The base case results showed a marginal net positive cost associated with vascular access with the HeRO Graft compared with TDCs for the incremental clinical benefit of reductions in patency failures, device-related thrombosis, and access-related infection events in a patient population with limited options for dialysis vascular access.

摘要

背景

在终末期肾病合并中心静脉阻塞且血管通路选择有限的患者中,血液透析可靠流出道(HeRO)移植物是一种新的选择,与带隧道的透析导管(TDC)相比,其并发症发生率更低,装置有效使用寿命更长。我们对在英国引入HeRO移植物进行了经济分析。

方法

从英国国家医疗服务体系的角度,开发了一个为期1年的成本-后果决策分析模型,比较HeRO移植物与TDC的管理情况。该模型包括四个3个月的周期,在此期间,血管通路选择要么保持用于血液透析的功能,要么失效,患者可能会发生与通路相关的感染和装置血栓形成,并且还会产生相关成本。临床输入数据来自已发表的研究,单位成本数据来自英国国家医疗服务体系2014 - 15年参考成本。

结果

在基础病例中,与使用TDC管理的患者相比,使用HeRO移植物管理的100名患者队列中,装置失效少6次,与通路相关的感染少53次,装置血栓形成少67次。
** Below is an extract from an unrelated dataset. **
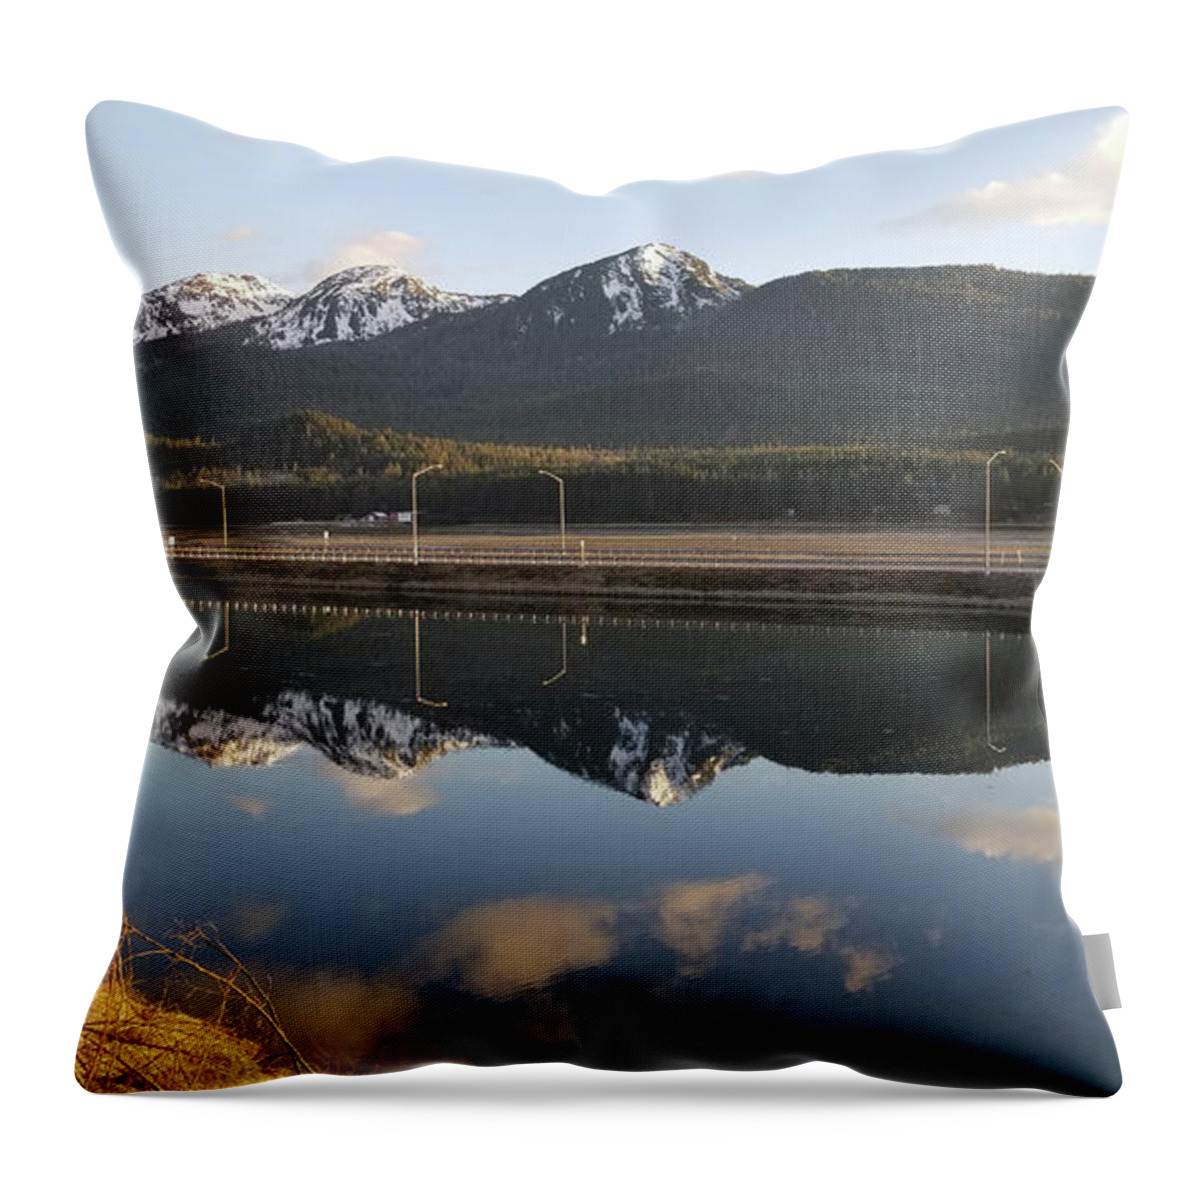 #alaska #juneau #ak #cruise #tours #vacation #peaceful #reflection #twinlakes #egandrive #douglas #capitalcity #clouds #evening #dusk Throw Pillow featuring the photograph Douglas, Reflected by Charles Vice

尽管HeRO移植物的初始装置和置入成本高于TDC,但装置并发症发生率较低和装置有效通畅时间较长所节省的费用降低了这些成本。与使用TDC管理的患者相比,使用HeRO移植物管理的每名患者每年的总体净成本为2600英镑。如果英国国家医疗服务体系对血液透析进行统一报销,无论血管通路类型如何,估计使用HeRO移植物管理的个体每名患者每年可节省1200英镑。

结论

基础病例结果显示,在透析血管通路选择有限的患者群体中,与TDC相比,HeRO移植物在血管通路方面的边际净成本为正,因其在减少通畅失败、装置相关血栓形成和与通路相关的感染事件方面具有递增的临床益处。